Zakat
Oleh: Mustofa Al-Muhdhor Mahasiswa Tingkat III Universitas
Al-Ahgaff
Sifat kikir
adalah penyakit lama yang terdapat pada tabiat manusia, yang merujuk kecintaan
seseorang pada dirinya sendiri dan antusiasnya untuk maslahat individu, dan
sifat tersebut akan melabui seseorang di kemudian hari untuk terus menyimpan
harta, terlebih mengumpulkan tiada henti.
Agama Islam tidak
menuntut seseorang untuk zuhud di urusan pribadinya, akan tetapi Islam
sangat ingkar apabila sifat tersebut berubah menjadi acuh tak acuh dengan orang
lain, seperti kehilangan rasa dengan hak orang sekitar. Dan mungkin ini titik
yang krusial perbedaan antara manusia dan binatang. Jelas binatang tidak
bergerak kecuali sesuai kode kelezatan dan kesakitan, dan mereka berindividu
hanya karna untuk memenangkan kekuatannya. Kesimpulannya pengetahuan mereka
tidaklah melewati dasar ini. Manusia bisa dibilang hampir mirip seperti hewan
tatkala pagi dan senjanya hanya berkeliuk di urusan pribadinya dan hilang rasa
pedulinya dengan yang lain.
Islam datang dan
melepaskan sifat berindividu dari manusia, dan menjadikannya porsi dari
struktur serta wujud kolestif atau jasad yang satu, serta memberi pengertian
bahwa sesungguhnya iman menuntut timbulnya kecintaan serta kepedulian kepada
orang lain dan menghormati hak-hak sosial. Allah berfirman di dalam alqur'an:
وَمَنْ
يُوقَ شُحَّ نَفْسِهِ فَأُولَٰئِكَ هُمُ الْمُفْلِحُونَ
Artinya: “Dan siapa yang dipelihara dari kekikiran dirinya,
mereka itulah orang orang yang beruntung”.
Berbicara tentang
zakat adalah cabang dari pembersihan tabiat dari sifat kikir, serta menanamkan
rasa ukhuwah yang saling menyayangi, peduli dan sosialis.
Banyak orang
yang berlebihan dalam menerapkan undang-undang kepedulian dan sifat sosialis.

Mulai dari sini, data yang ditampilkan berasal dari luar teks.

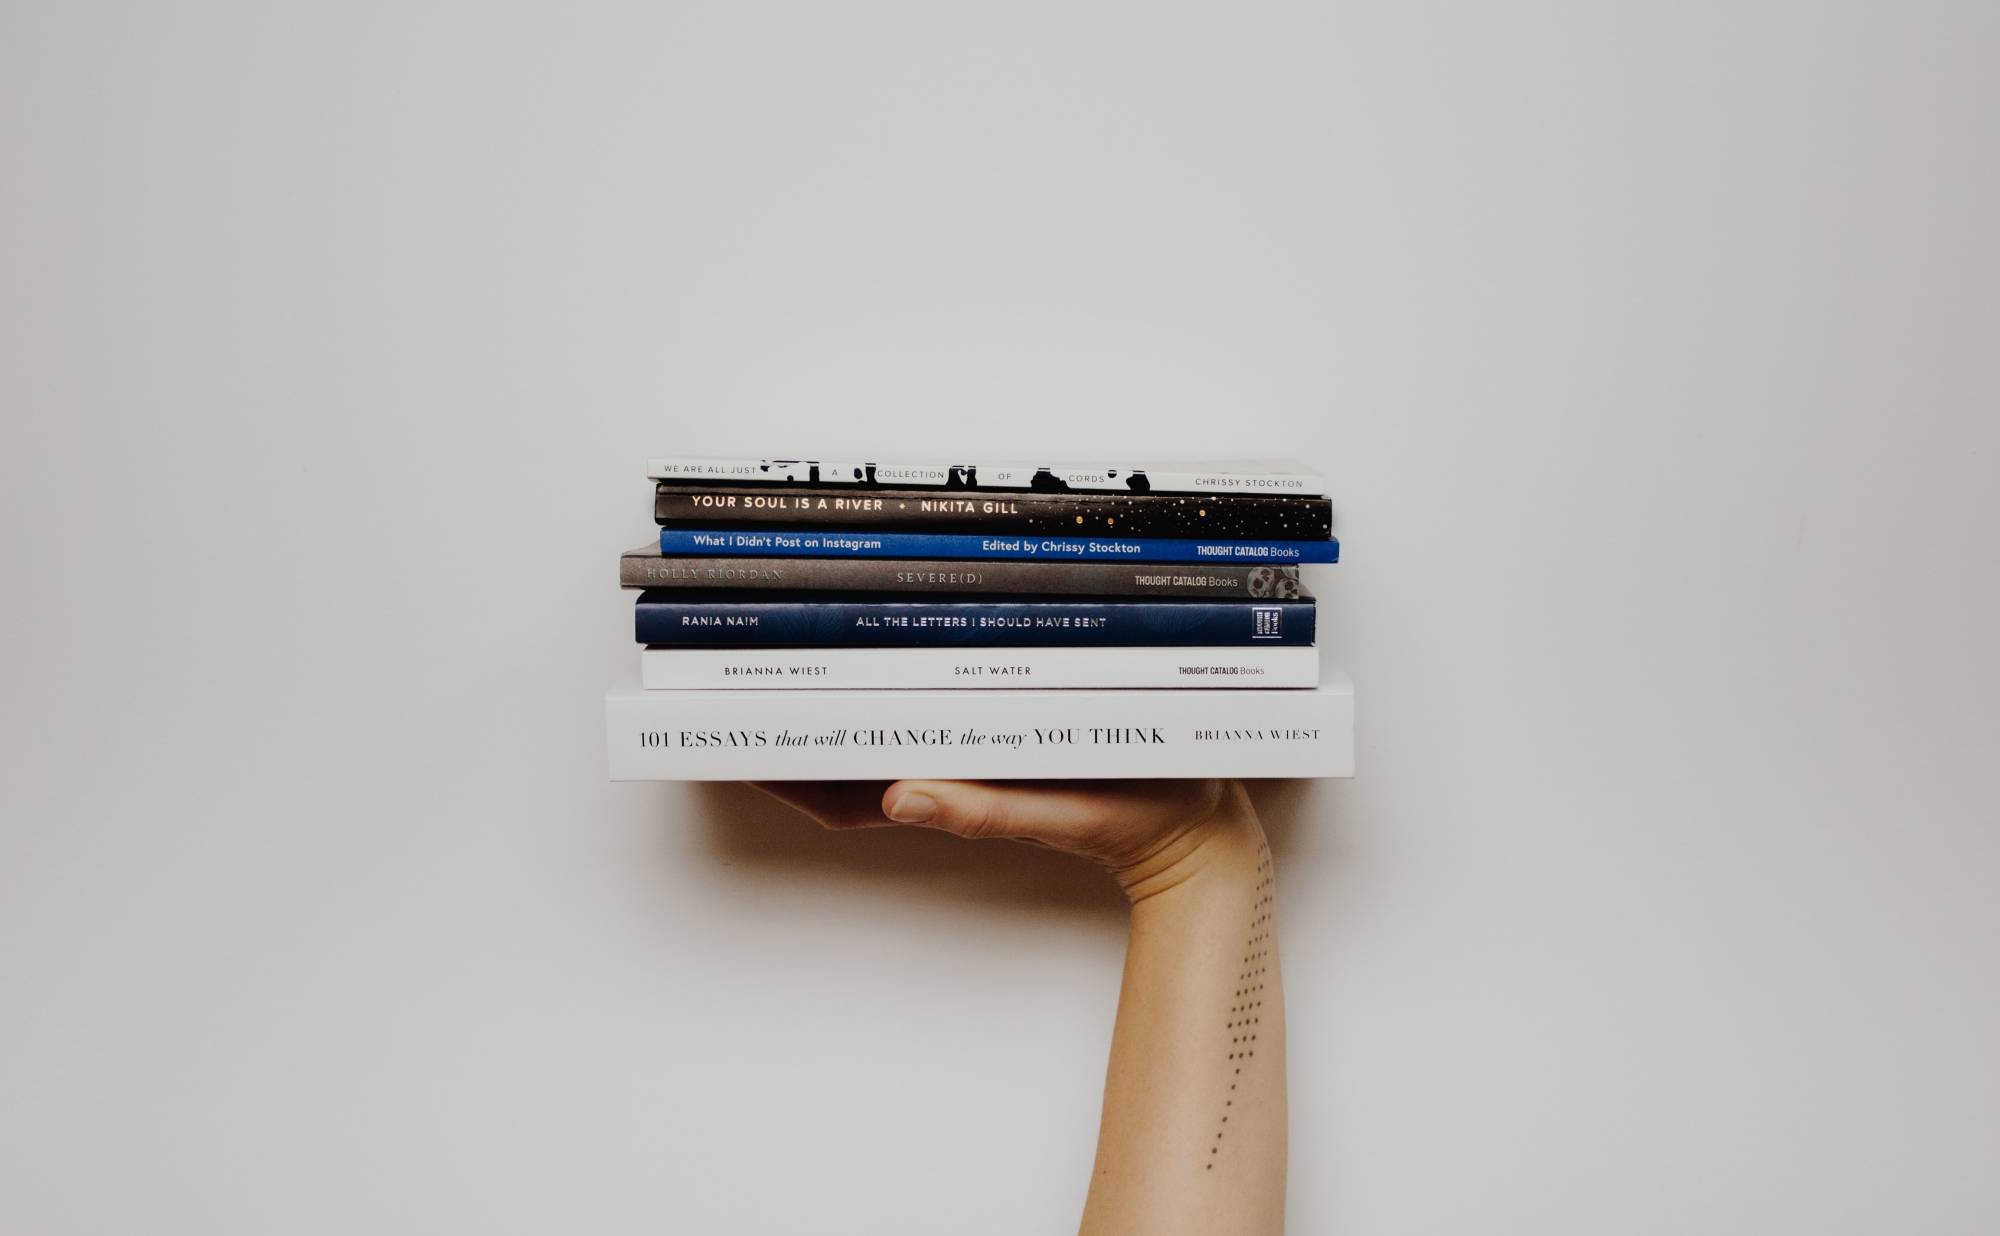 Photo of a person holding up a stack of books
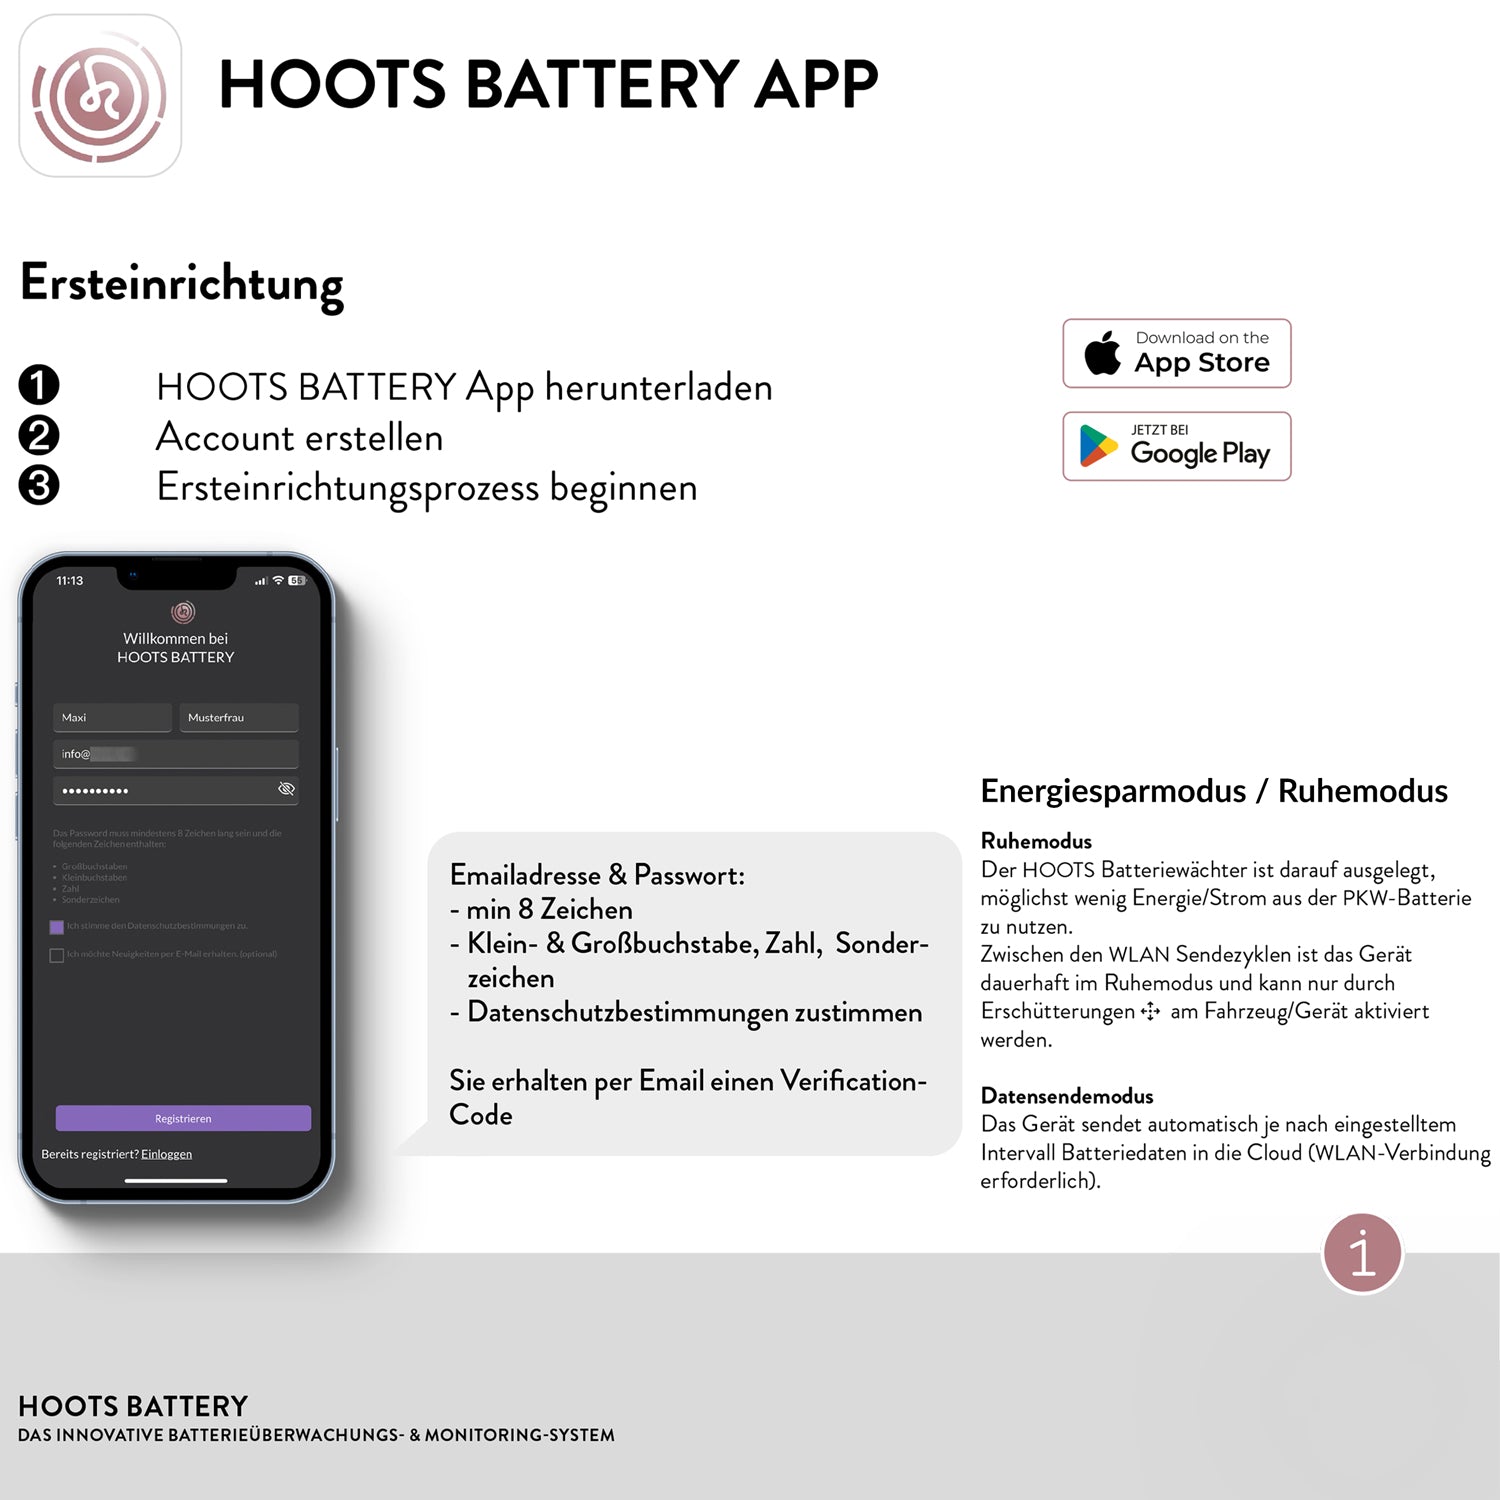 HOOTS BATTERY WiFi battery monitor for remote monitoring

Sampai-sampai ada sebagian dari mereka yang diwajibkan untuk menanggung sepuluh
kepala yang diambil dari gaji perbulannya. Jelas sekali Islam sangatlah bersih
dari sifat rakus dan zalim seperti ini.
Zakat adalah
pembersihan individu dan sosial sebelum menjadi pembantu materi, Allah
berfirman di dalam surat At-Taubah (103):
خُذْ
مِنْ أَمْوَالِهِمْ صَدَقَةً تُطَهِّرُهُمْ وَتُزَكِّيهِمْ بِهَا وَصَلِّ
عَلَيْهِمْ ۖ إِنَّ صَلَاتَكَ سَكَنٌ لَهُمْ ۗ وَاللَّهُ سَمِيعٌ عَلِيمٌ
Artinya: “Ambillah zakat dari sebagian harta mereka, dengan
zakat itu kamu membersihkan dan mensucikan mereka dan mendoalah untuk mereka.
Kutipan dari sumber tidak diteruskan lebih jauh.